Task to complete
Everything from the line with "View looking over" down to the line with "Multiethnic young friends" below must be printed exactly, those two lines included. Exclude pictures.

━━━ Materials provided

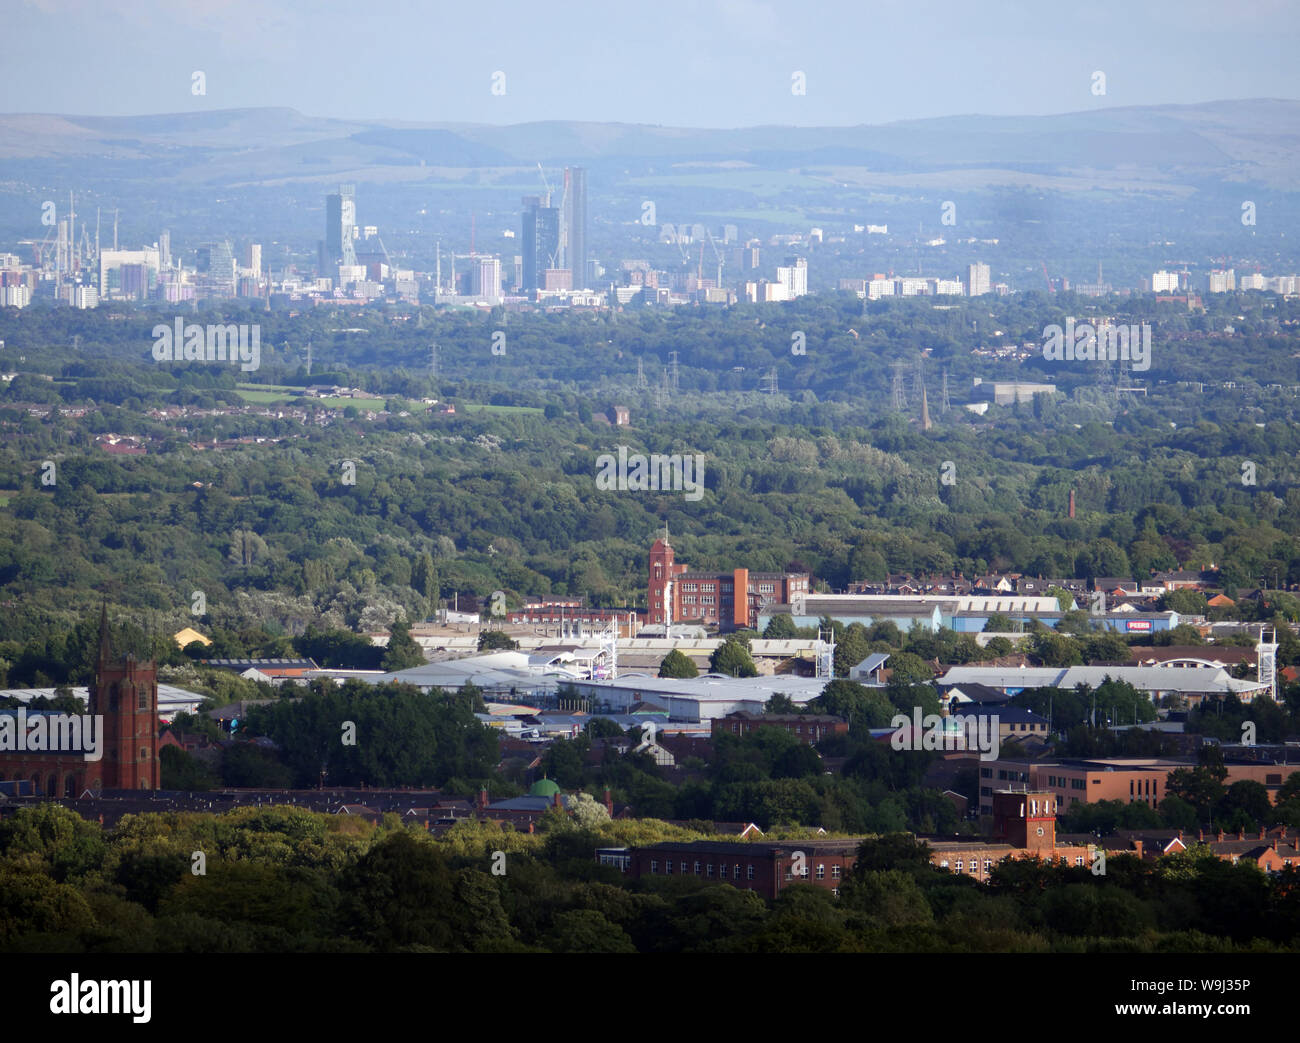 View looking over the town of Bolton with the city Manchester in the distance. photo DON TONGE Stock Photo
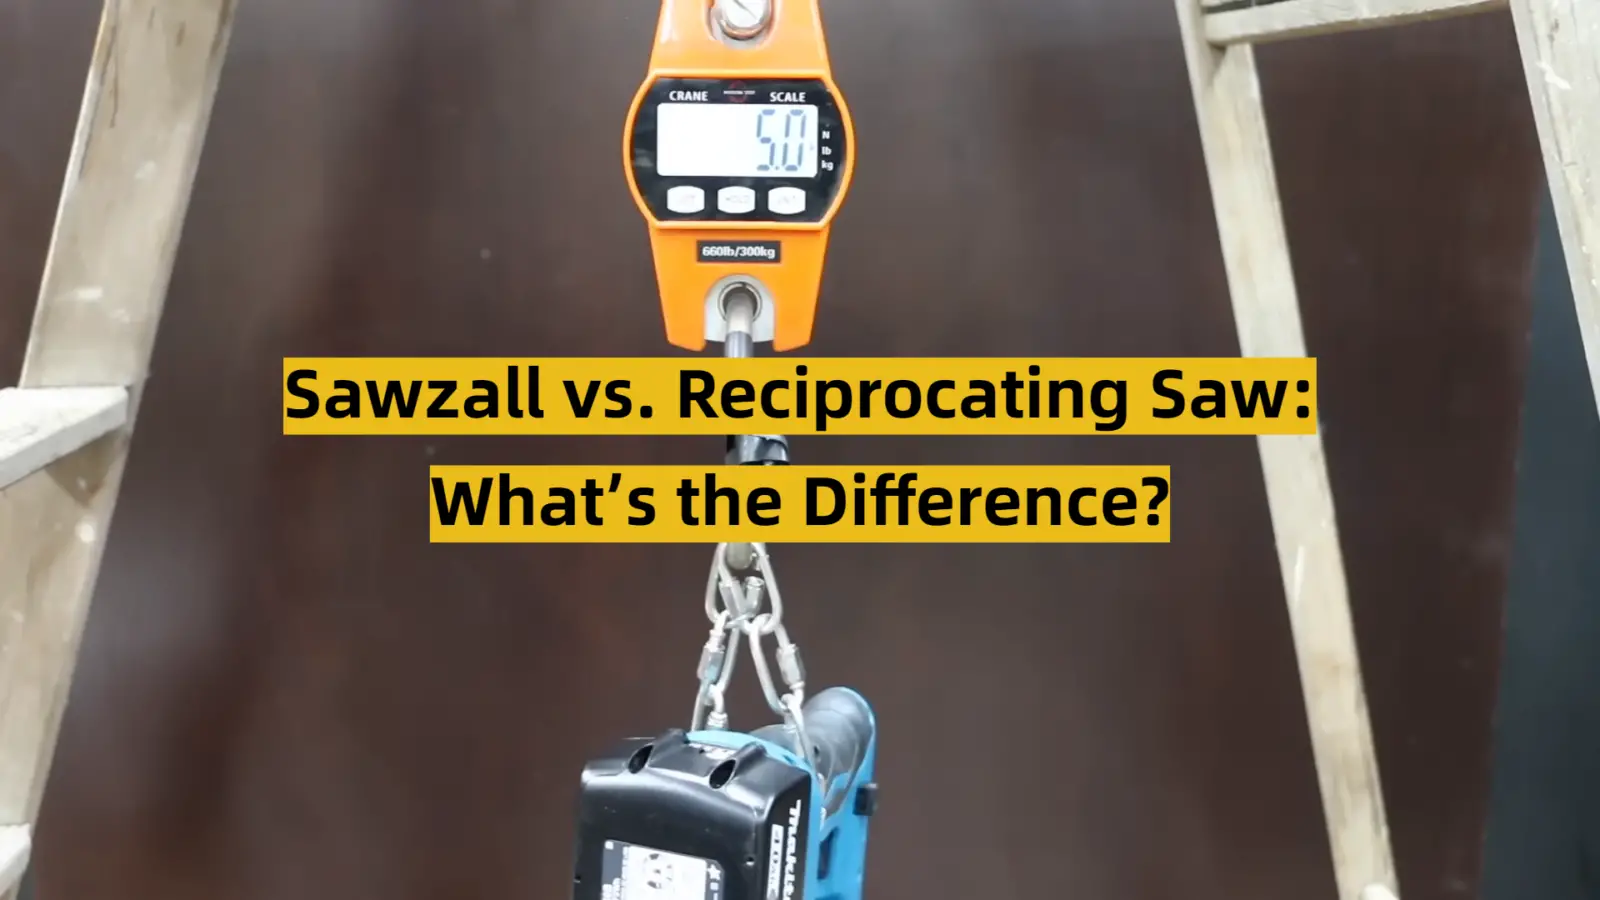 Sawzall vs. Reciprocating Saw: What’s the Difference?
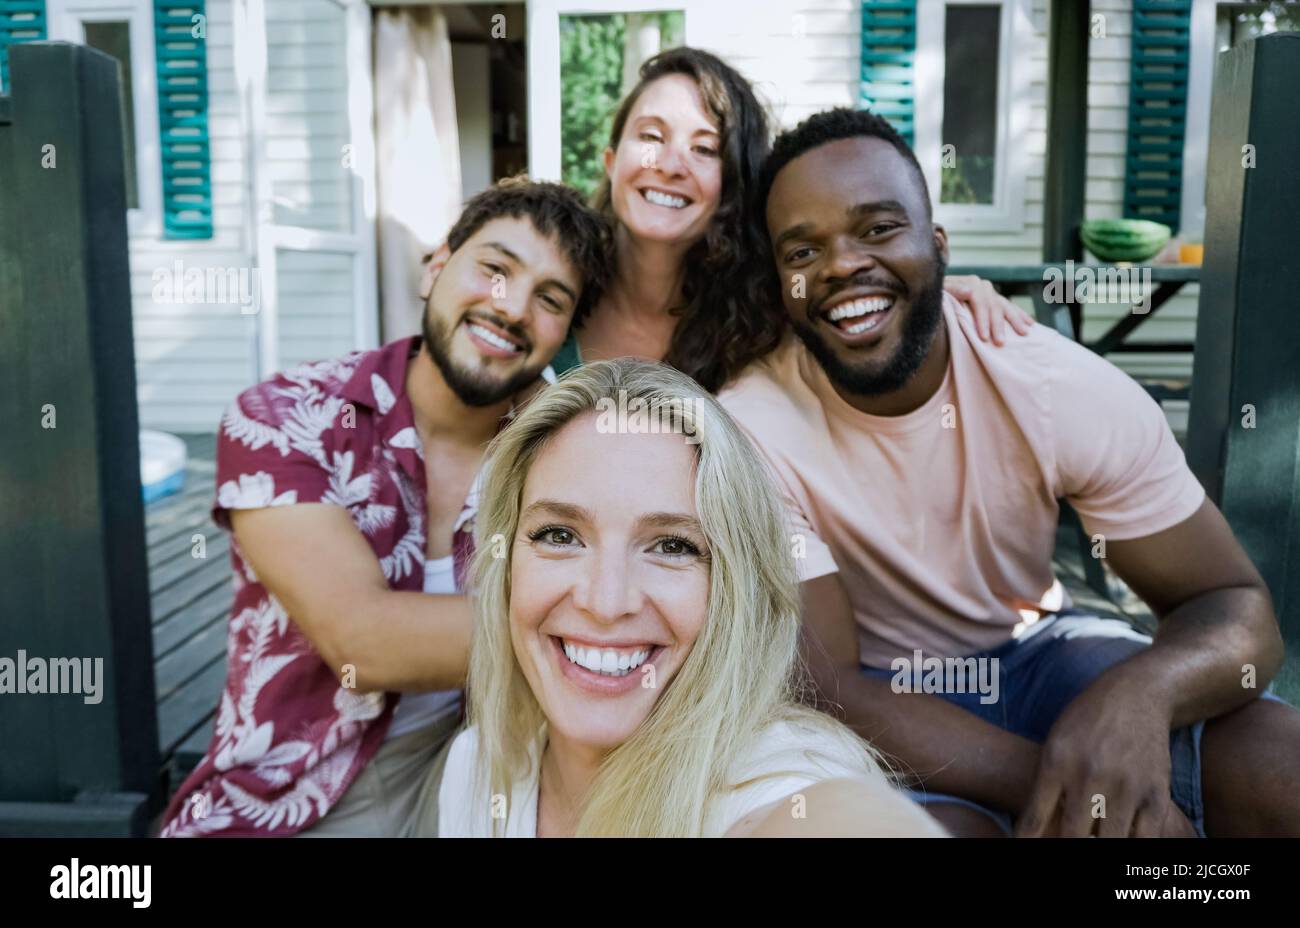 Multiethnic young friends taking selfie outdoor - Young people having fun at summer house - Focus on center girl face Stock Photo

━━━━━━
━━━ Materials provided

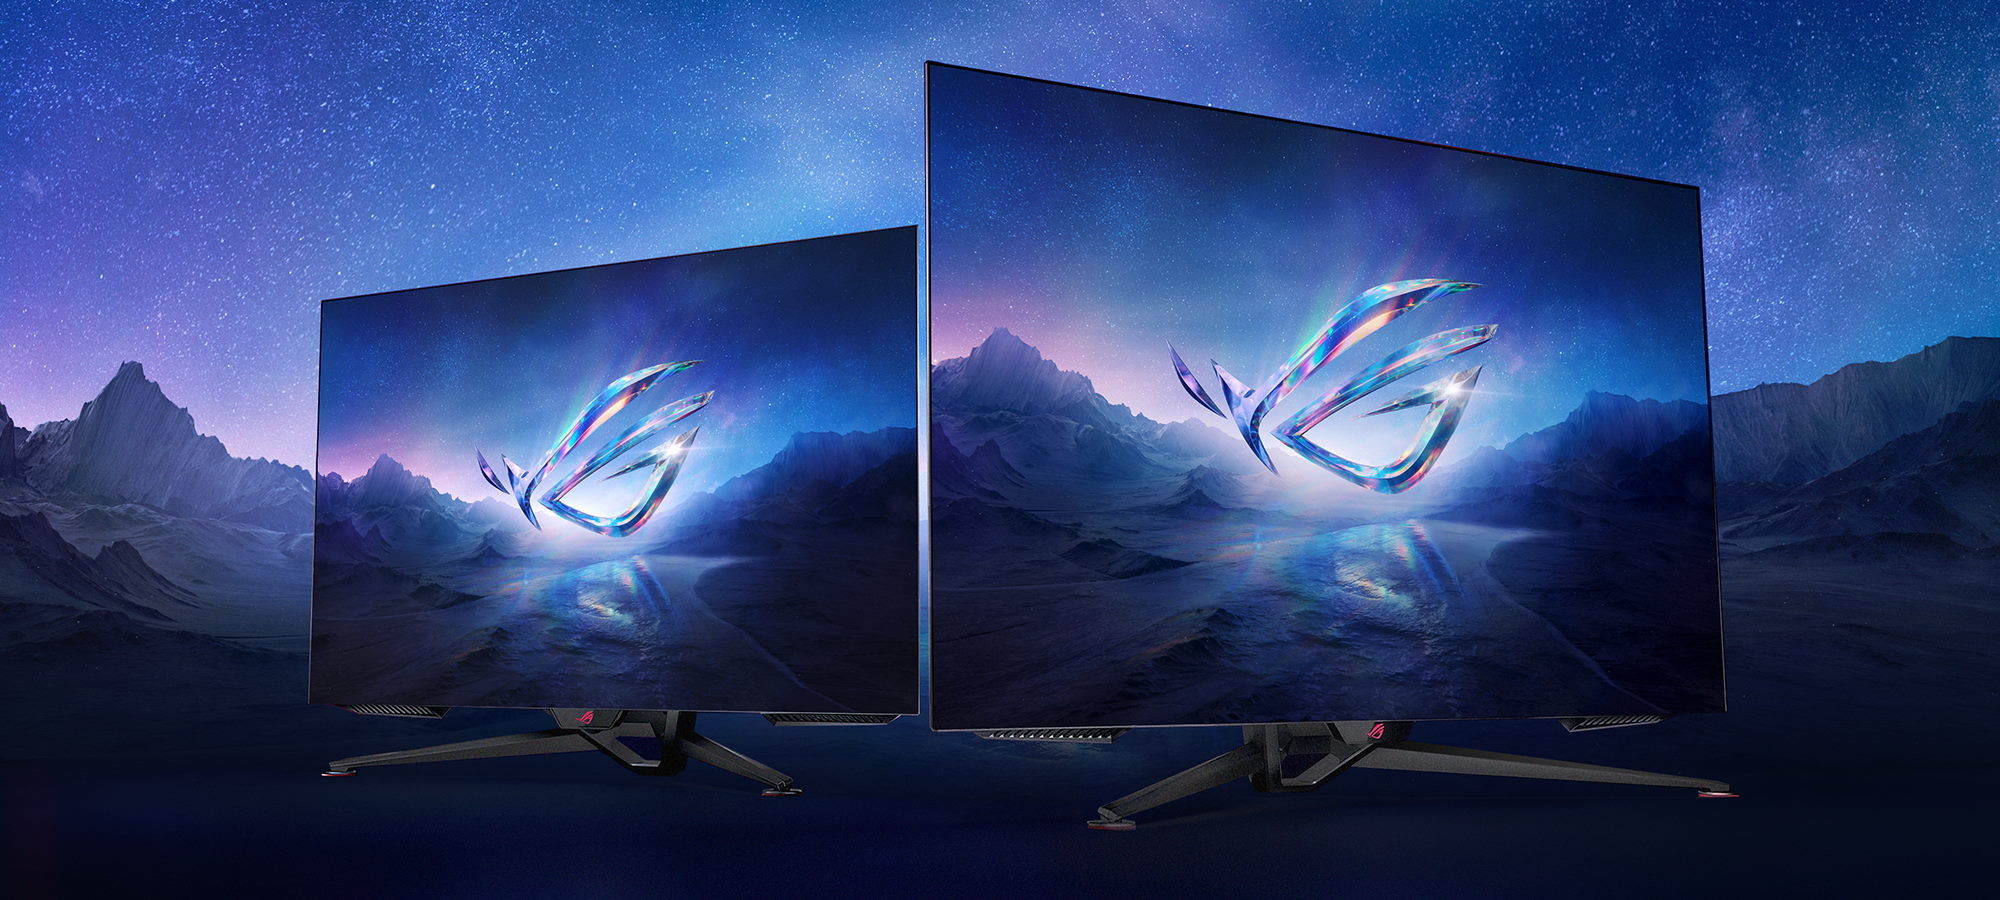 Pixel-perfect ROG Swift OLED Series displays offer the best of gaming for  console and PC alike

━━━━━━

Response for this exercise
 View looking over the town of Bolton with the city Manchester in the distance. photo DON TONGE Stock Photo
 Sawzall vs. Reciprocating Saw: What’s the Difference?
 Multiethnic young friends taking selfie outdoor - Young people having fun at summer house - Focus on center girl face Stock Photo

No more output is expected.